"Moi fani czekają na rebelię"

Kayah długo czekała na wielki sukces, ale w pełni na niego zasłużyła. Po latach śpiewania w chórkach u innych, znanych wykonawców, rozpoczęła udaną karierę solową. Jej pierwszy album „Kamień” legalnie kupiło 50 tysięcy osób. Druga płyta „Zebra” znalazła już 100 tysięcy nabywców. Pracę nad trzecią wokalistka rozpoczęła ponad dwa lata temu, a w międzyczasie przyszedł sukces z Goranem Bregovicem i 600 tysięcy sprzedanych egzemplarzy!!! Nowy album „JakaJaKayah” powstawał bardzo długo, termin jego wydania był kilka razy zmieniany, a końcowy efekt dla wielu fanów wokalistki może być niespodzianką. O szczegółach powstania płyty, najciekawszych utworach oraz swej przyszłości opowiada sama Kayah.

article cover
INTERIA.PL

O teledysku „JakaJaKayah”

Wziął w nim udział mój ulubiony fotograf Jacek Poremba. To ja odkryłam w nim jeszcze jeden talent – aktorski. Musze się przyznać, że nad tym teledyskiem było dużo pracy. To były dwa dni zdjęciowe, w dodatku pechowe, gdyż psuła nam się specjalna kamera, a przy tym bardzo droga, dzięki której można uzyskać poważne zwolnienia. Radziliśmy sobie, jak mogliśmy. Po drodze ‘straciliśmy’ jeszcze fabułę, więc musieliśmy opracować nad wydostaniem jej z obrazka dzięki napisom i efektom dźwiękowym. Z końcowego efektu jestem w każdym bądź razie bardzo zadowolona. Reżyserem teledysku był Marcin Ziembiński, a operatorem Bartek Prokopowicz, znany choćby z filmu „Dług”.

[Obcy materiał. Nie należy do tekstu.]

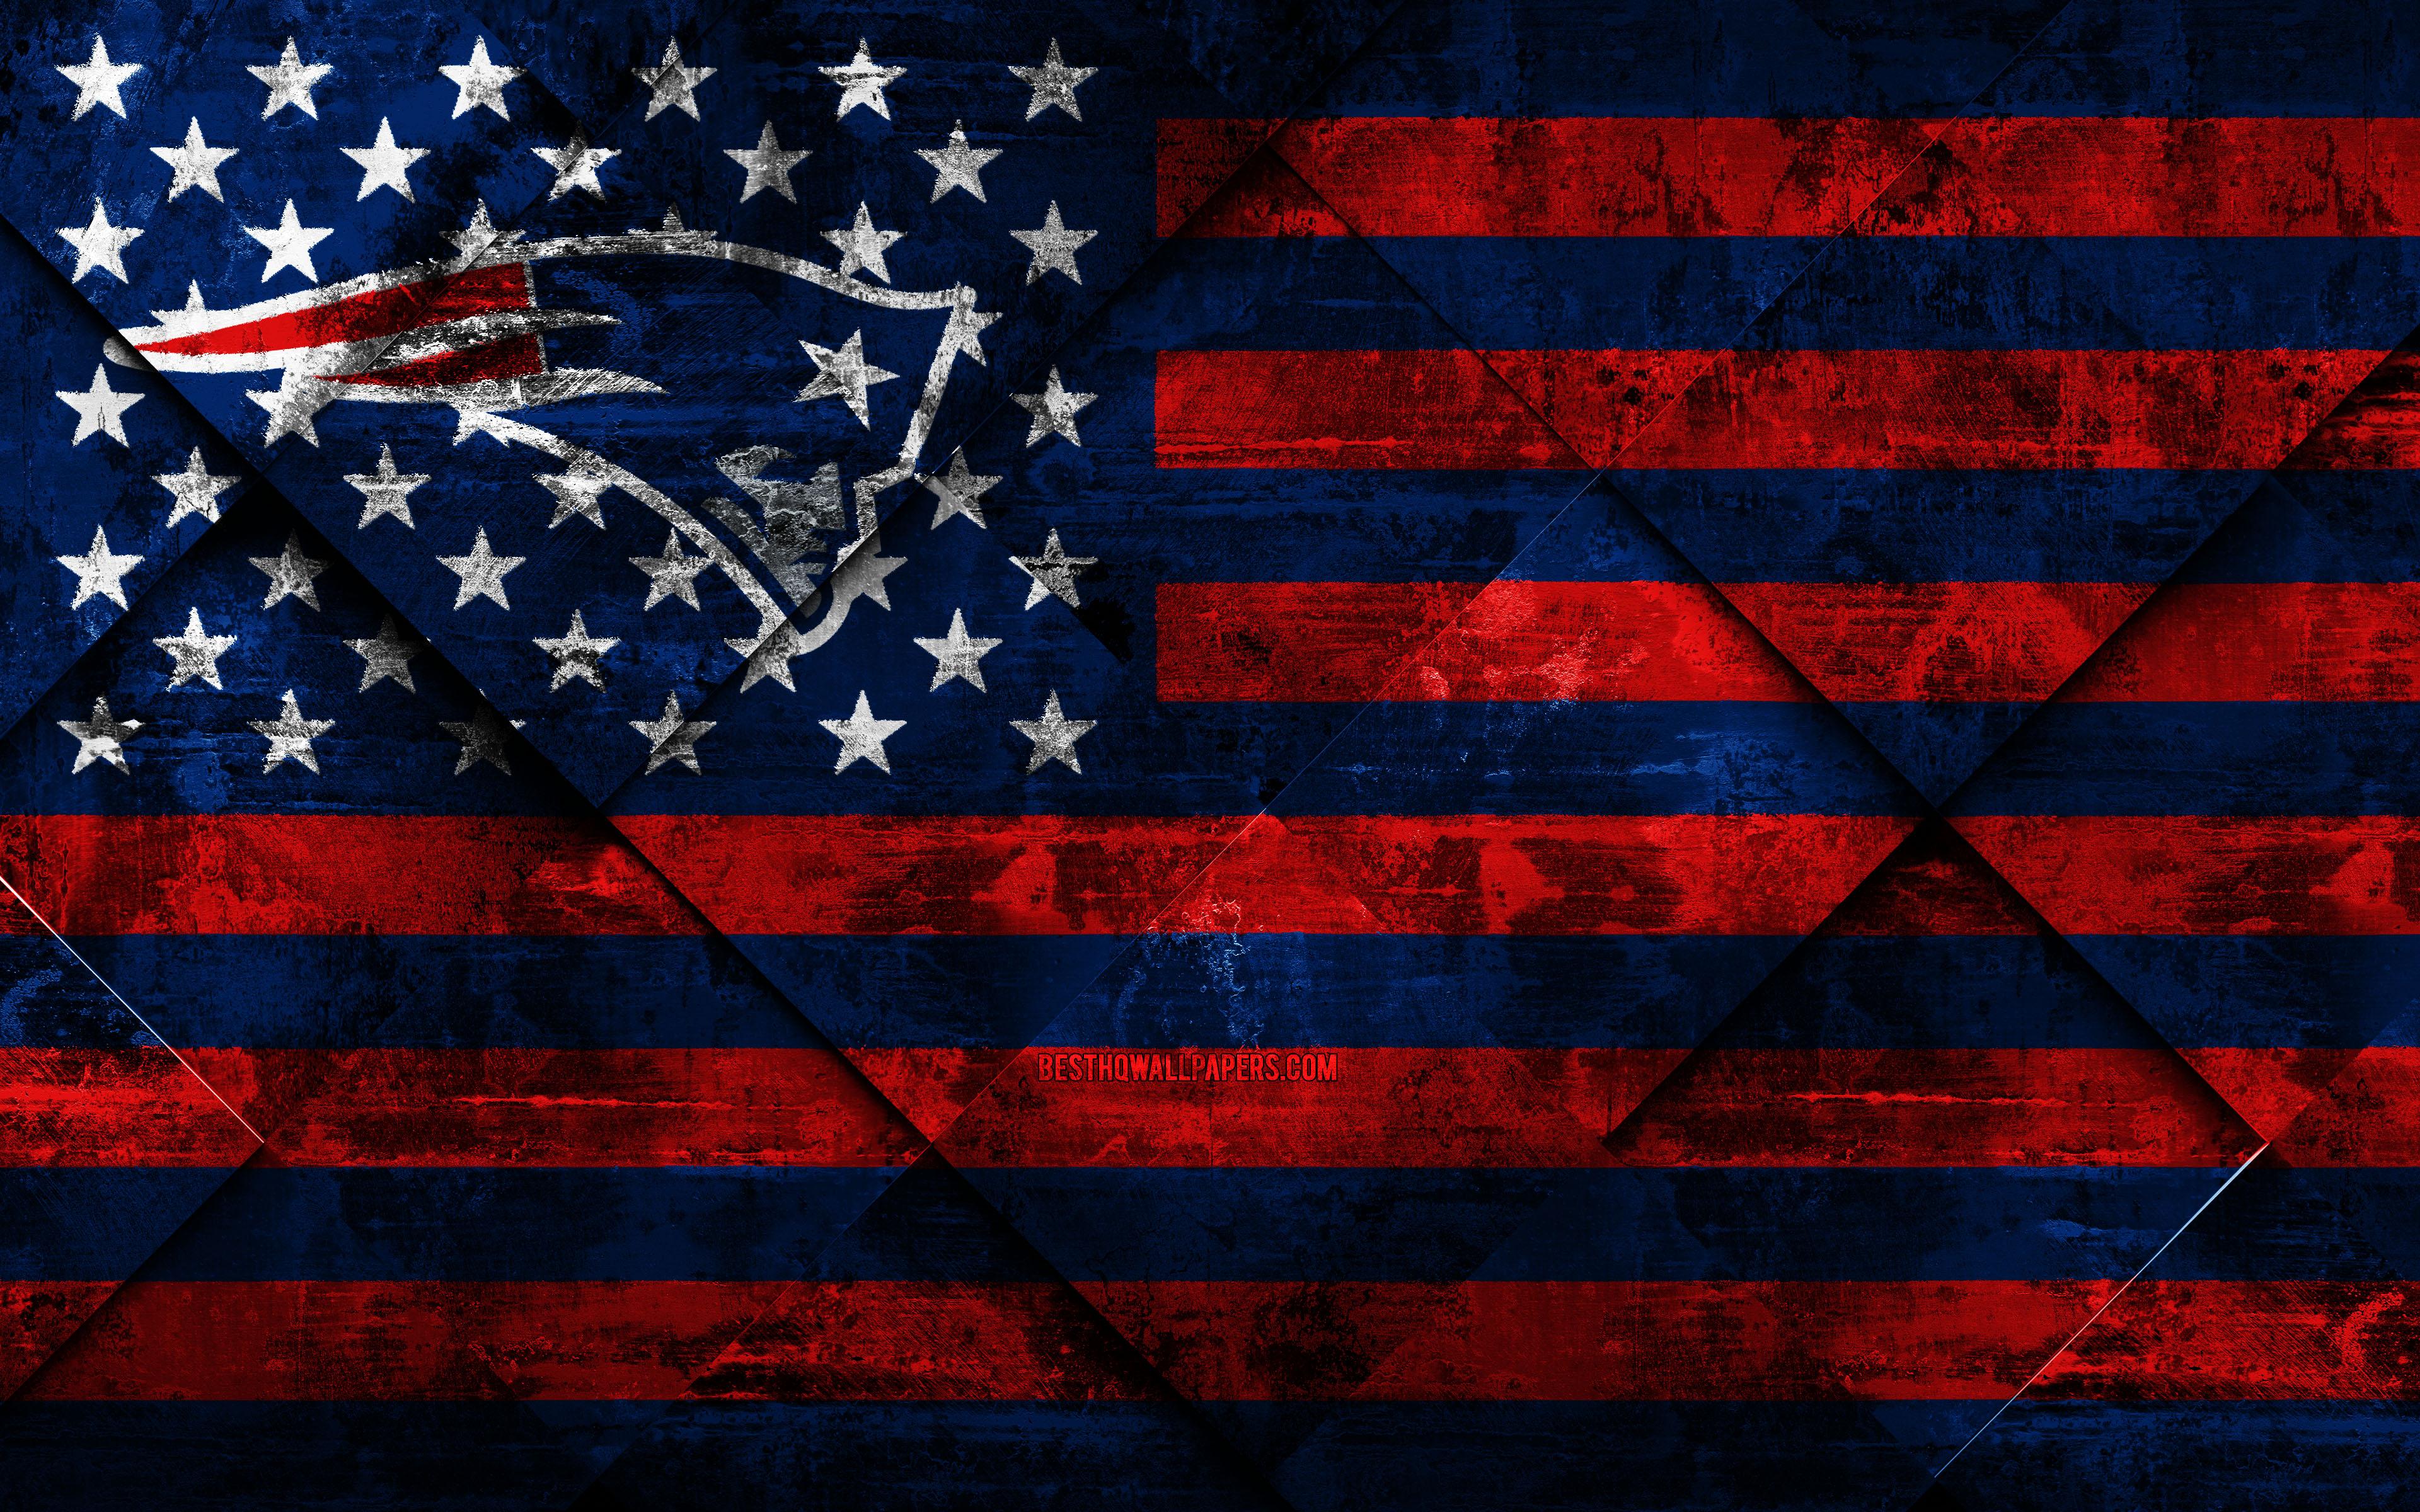 New England Patriots 4k American Football Club Grunge Braves American Flag 3840x2400 Download Hd Wallpaper Wallpapertip

O okładce płyty „JakaJaKayah”

Zdjęcia robił Robert Wolański, jeden z moich ulubionych fotografików. Rzeczywiście wyszła nam niezwykła okładka. Każdy może sobie do woli komponować zdjęcia, które dzielą się na dwie części – usta i oczy. Można nawet dojść do absurdu, łącząc płaczące oczy z uśmiechem. Jest to zresztą bardzo adekwatne do tytułu płyty.

O najciekawszych utworach

„Nie patrzysz” . To pierwszy utwór na płycie - jest bardzo długi, trwa ponad siedem minut. Celowo zdecydowałam się na taki nietypowy początek. Zazwyczaj albumy rozpoczynają się bardzo przebojowo, ale mnie wydawało się, że lepiej będzie, jeśli tym pierwszym nagraniem wprowadzę słuchacza w nastrój. Moim zdaniem jest wyjątkowo ciekawy, nie tylko aranżacyjnie. Na samym końcu przepięknie śpiewa Mietek Szczęśniak

„Za blisko” . Jeden z kilku moich najukochańszych utworów na nowej płycie. Jest dla mnie wyjątkowy choćby dlatego, że jestem bardzo poważną pesymistką, melancholiczką. Gdybym mogła się kiedykolwiek z kimś utożsamić, to z pewnością z Kłapouchym z Kubusia Puchatka. Zresztą zawsze noszę przy sobie „Mały ponurnik Kłapouchego”, z jego złotymi myślami. To nagranie opowiada o tym, że mam paranoję, że mój mąż, kiedy zasypia, wybiera się w dalekie podróże, np. do Tajlandii, a ja jestem po prostu za blisko, by mu się śnić. Trochę to smutny utwór.


„Dla niego” . To hołd złożony moim dawnym zainteresowaniom muzycznym, kiedy śpiewałam w zespole Zgoda. Zaczynaliśmy od reggae, skończyliśmy Bóg raczy wiedzieć gdzie (śmieje się). Zaczęło się od tego, że najpierw miałam refren, który dotyczył wszystkich ludzi. Później doszłam do wniosku, że dotyczy on jednak głównie kobiet.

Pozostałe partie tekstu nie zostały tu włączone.